Orangutans’ distinct yells decoded with help from AI

These long and booming vocalizations are very individualized.
an orangutan sits in the forest with its mouth open wide, showing its teeth
Orangutans are the largest tree-dwelling mammals and are known for their vocal repertoire and social behavior. Deposit Photos

Share

While scientists may not have decoded the ABCs of sperm whales or what elephant gestures mean just yet, there is a lot of activity in studying animal communication. Now, it’s the orangutan’s turn. Through a combination of traditional recording and analysis with artificial intelligence (AI), scientists pinpointed three distinct types of pulses in the primate’s long call vocalizations. Their vocalizations are likely even more complex, according to a study published May 14 in the journal PeerJ Life & Environment.
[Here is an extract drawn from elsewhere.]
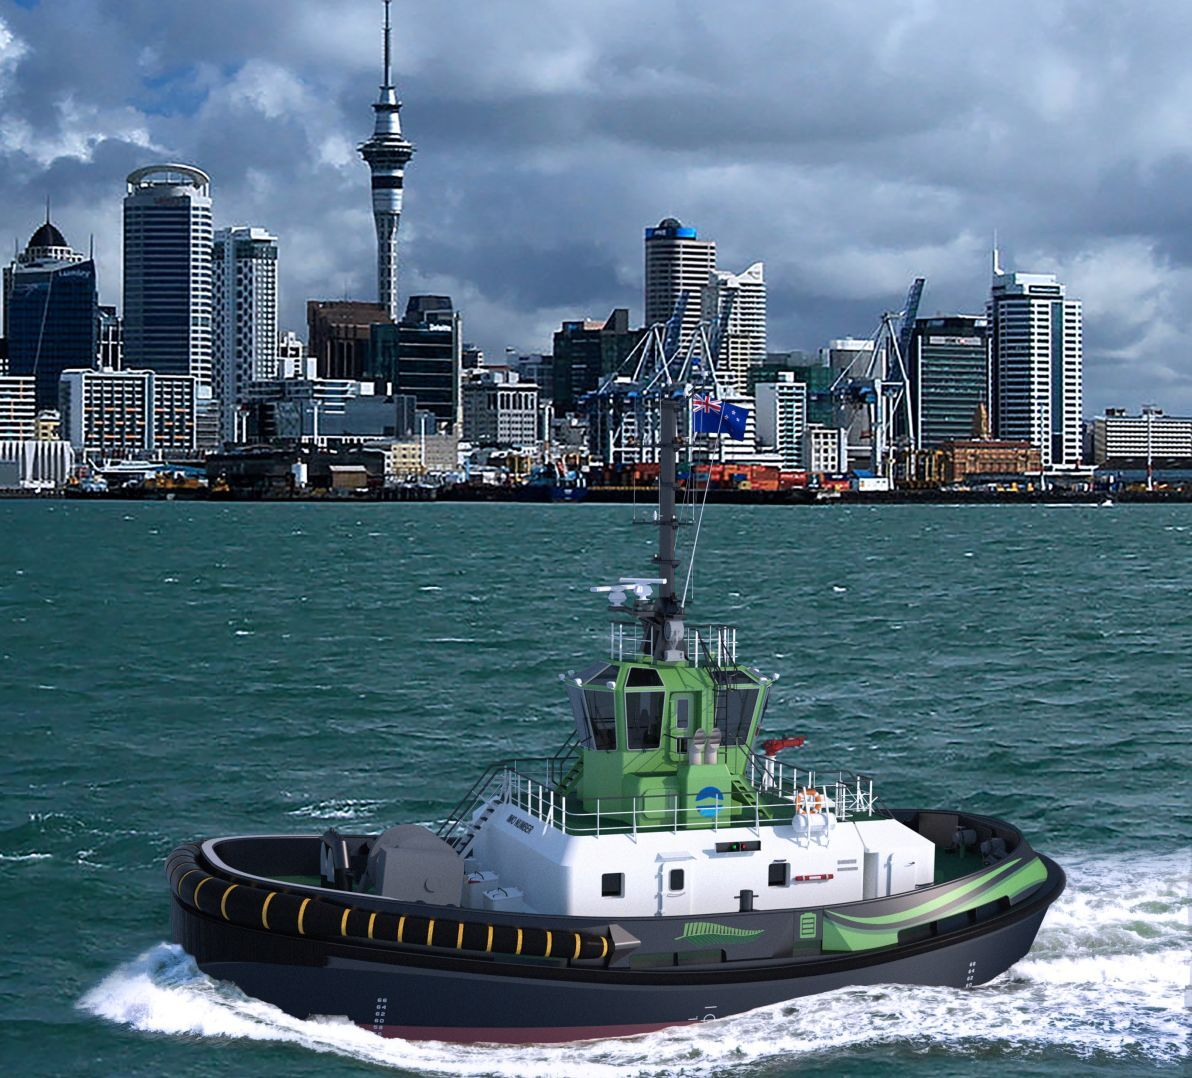 Artist's impression of an RSD-E Tug 2513 Damen is building for Port of Auckland (source: Damen)

Orangutans are great apes primarily found in Southeast Asia. They are the largest tree-dwelling mammal and primarily eat insects and flowers. They are also known for complex social behavior and communication. However, as with many species, understanding the nuances of their vocal repertoire has been a challenge.

[Related: Why do humans talk? Tree-dwelling orangutans might hold the answer.]

“Our research aimed to unravel the complexities of orangutan long calls, which play a crucial role in their communication across vast distances in the dense rainforests of Indonesia,” study co-author and Cornell University primatologist Wendy Erb said in a statement. “Over the course of three years, we accumulated hundreds of long call recordings, revealing a fascinating array of vocal diversity,” said Erb.

Their long calls are loud and booming vocalizations produced by males. They are highly variable depending on the individual and used to communicate across longer distances among widely spaced animals. Earlier studies put together a dictionary of the types of pulses. Using this same dictionary, Erb and her team sought to determine just how many pulse types they could describe, what features can distinguish them, and see how graded they are. 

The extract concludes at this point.